Ein neuer Fall in einer anderen Stadt: In Nürnberg stellt Kommissarin Lucas (Ulrike Kriener) sich der Herausforderung, von vorn zu beginnen – gemeinsam mit ihren neuen Kollegen Werner Fitz (Sebastian Schwarz) und Betty Sedlacek (Claudia Kottal). In Episodenhauptrollen spielen Katharina Schüttler, Nick Romeo Reimann und Luis Vorbach. Heino Ferch ist als Gast in einer Rolle als Psychologe mit dabei.

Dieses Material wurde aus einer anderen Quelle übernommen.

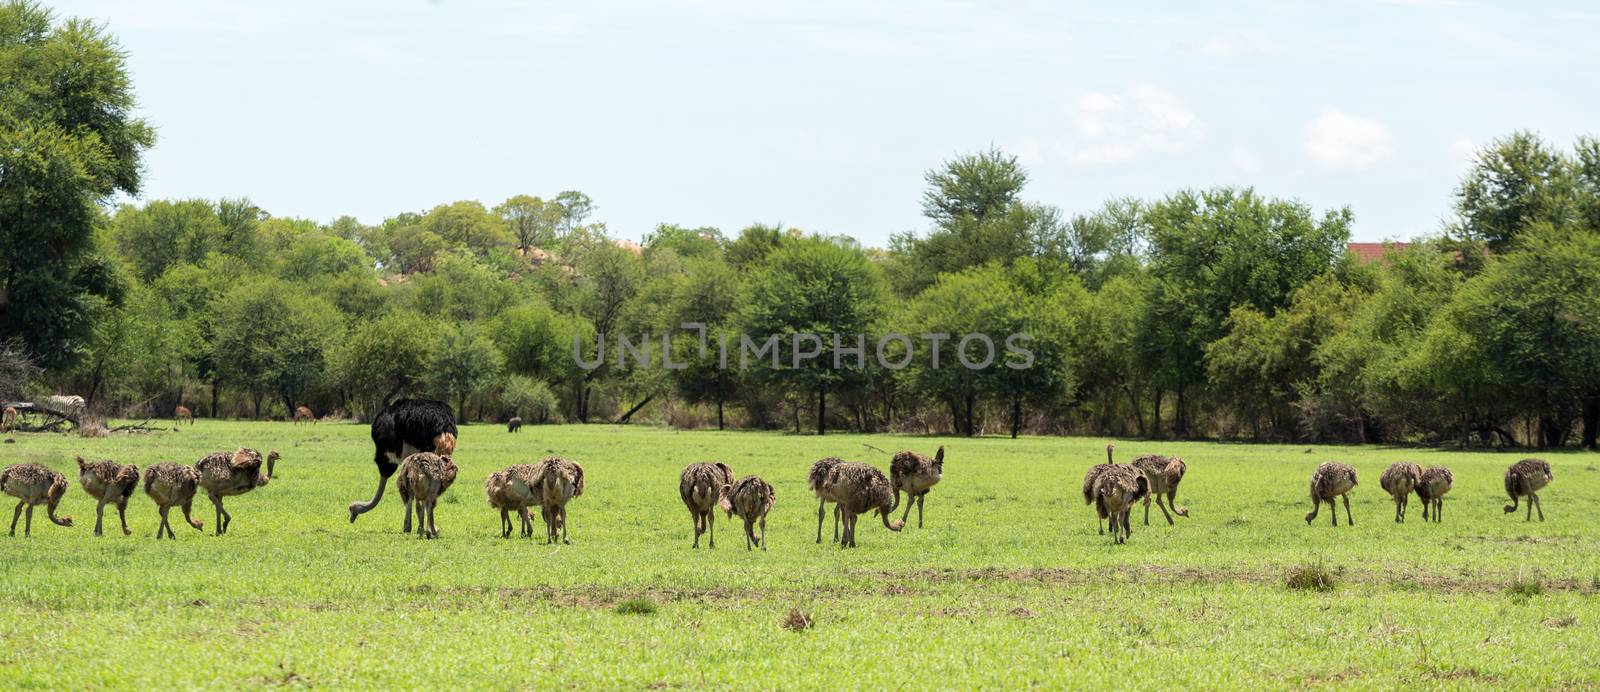 Ostriches grazing by derejeb

  • ZDF, Samstag, 6. Februar 2021, 20.15 Uhr
  • ZDF Mediathek, Ab Freitag, 5. Februar 2021, 10.00 Uhr

Texte

Was sie am besten kann

Ellen Lucas' neuer Fall beginnt mit einer Toten im Kofferraum – diesmal in Nürnberg. Die Kommissarin hat dort eine neue Stelle angenommen, verlässt die vertraute Komfortzone – ihr altes Team und die liebgewonnene Nachbarschaft in Regensburg. Sie nimmt in Kauf, dass jeder Neuanfang Kraft kostet und vielleicht auch einsam machen kann. Ist es Mut, Verzweiflung oder beides, was sie zu diesem Aufbruch bringt? Nicht alle Fragen werden beantwortet, denn Ellen Lucas versteht es besser als alle anderen, Geheimnisse für sich zu behalten. Was für sie jetzt zählt, ist nur der nächste Fall.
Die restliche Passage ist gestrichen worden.